Simon Baker stars in
Simon Baker stars in "Something New.". © Focus Features
"Something New" - The Story: Simon Baker and Sanaa Lathan star in "Something New," an effective, intelligent romantic comedy which addresses interracial dating and overcoming stereotypes.

Simon Baker on Preparing to Take on “Something New:” “I did a little gardening stuff. I underwent a couple of projects around my house just to be outside. Funnily enough as well, what I had to do was get really tan, which is hilarious, and it was for a completely technical reason.

We had hair and makeup tests, right? And I’m a white guy. In a movie with all black people, when you use a camera, they’re going to expose to all the black people. Black absorbs light, white reflects light. So if they expose the film to Sanaa [Lathan] and we’re in the frame together, they expose it to her, her skin’s darker than mine. I literally look like a flashlight going off. So that we could both hold the frame and I wasn’t over-exposed and just burning like sort of a ghost, they had to darken me up.

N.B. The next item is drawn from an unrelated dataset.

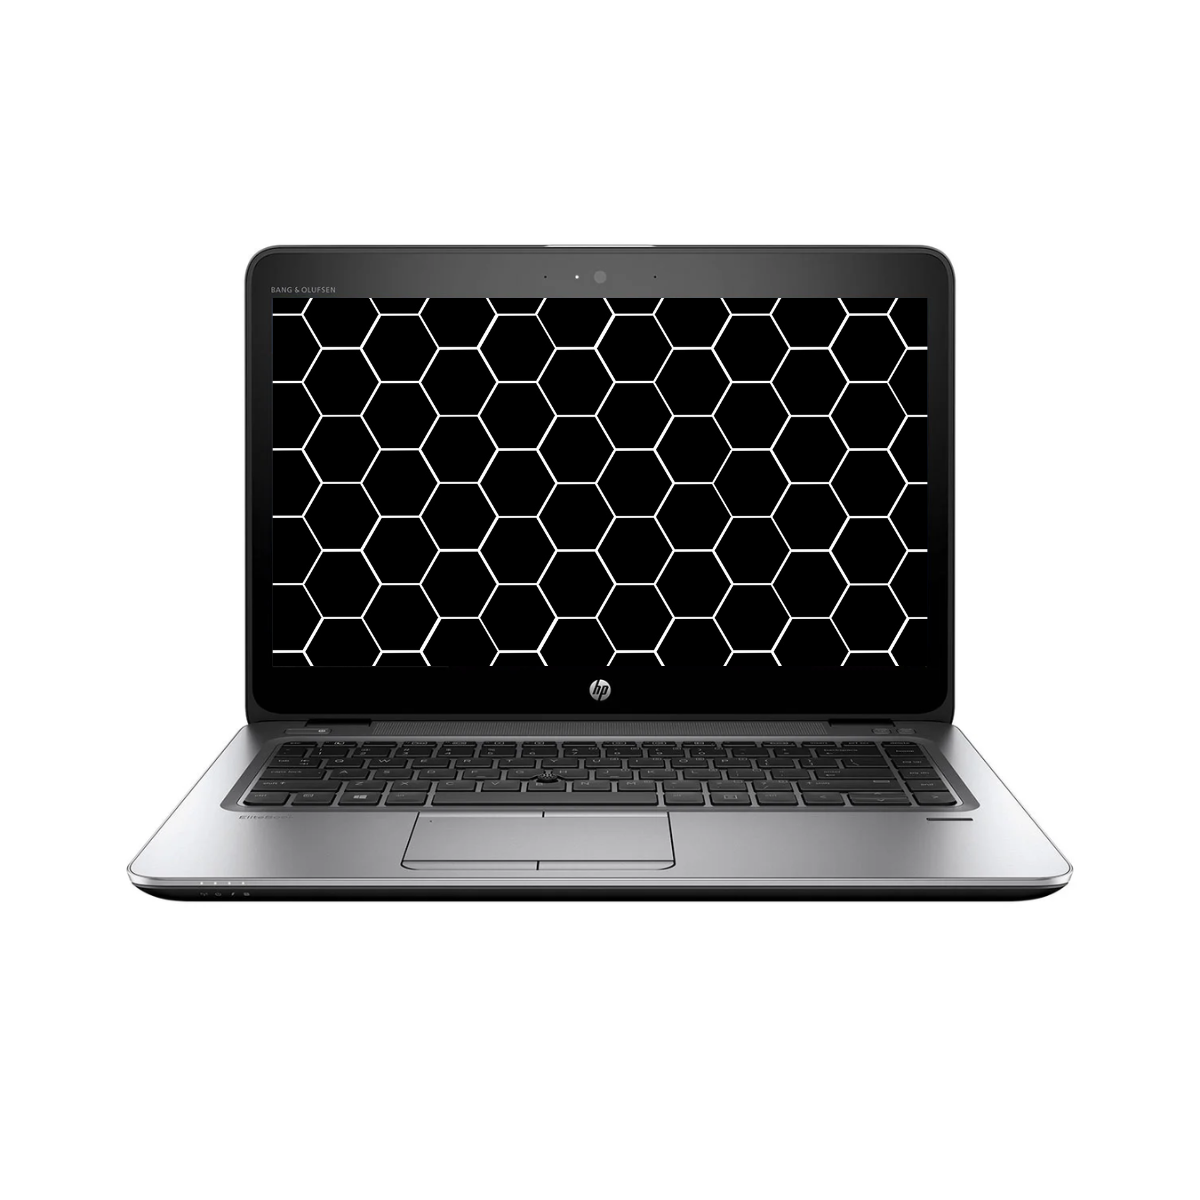 HP EliteBook 820 G3 i7 (6th Gen) 8GB RAM 256GB SSD 12.5

They sent me to the tanning booth and then we did another camera test - and I was still too white. Beverly, my makeup artist, got this stuff called Jan Tanna and she would put it on me and I looked, literally, I looked like George Hamilton in real life. But then on camera, because everything is so pushed a couple of stops, it looked fine. But people would come to visit me at the set and they’d be like, ‘My god, man, what’s going on?’

Simon Baker Explains the Appeal of “Something New:” Baker said he’s very proud of being a part of “Something New.” “Well, it just opened up for me, growing up in Australia, so I’m not that knowledgeable about African American culture. The only influences I’d had was through music. I watched ‘Roots’ growing up as a kid.

There’s African American characters on a few TV shows and stuff, but that was it. So I had no preconceived ideas either way about it.

I was very open with everyone at the beginning saying, “Okay, I don’t want to offend anyone. I don’t want to say the wrong thing about anything. Everything’s cool with me. Just sort of fill me in. If I step on someone’s toes, if I say the wrong thing, just school me and say, ‘You didn’t really mean to say that.’ But other than that it’s cool.’ And going into it, I’m like [feeling] heavy female energy on the set. …The producers, the director, the writer - all women, so there’s very strong, and the 42.4 % thing, the statistic is staggering [42.4% is reportedly the percentage of black women who have never been married]. The more you think about it you go, ‘Wow, that’s a lot.’ So I felt a little pressure as far as what I put on myself about the responsibility to African-American women to represent it in that way.

Personally, the movie’s about this: She’s in her head and she’s outside and she’s making judgments. A lot of us are always making judgments. We live in a time where the President of the United States likes to make judgments and call people evil. They’re these people [who] just categorize things all the time.

And it’s like, ‘Hey, we’re just individuals and it’s you and me when it’s you and me. And it’s you and me and we’re just talking and we’re in that moment together.’ The first day of the hair and makeup test, I was in the makeup chair. R. Kelly’s coming out of the makeup trailer and it’s all black women in there and they all know each other and they’d all worked together. I’m thinking, ‘F**k.’ Suddenly I go out, here I’m going, ‘I’m the one honky going in there.’ I’m like, ‘Am I going to be accepted?’ And I have to retain the integrity of who I am. I can’t start playing like, ‘Hey, I’m down, I’m down.’ I’ve gotta be who I am because I think that’s equally pathetic. So I was really kind of a little nervous about that.

I was shy but by the fifth day or something, I’m dancing with everyone else and joining in, just completely relaxed and [felt] completely un-self-conscious because you get past that thing, this idea that you have in your head which is generally about fear.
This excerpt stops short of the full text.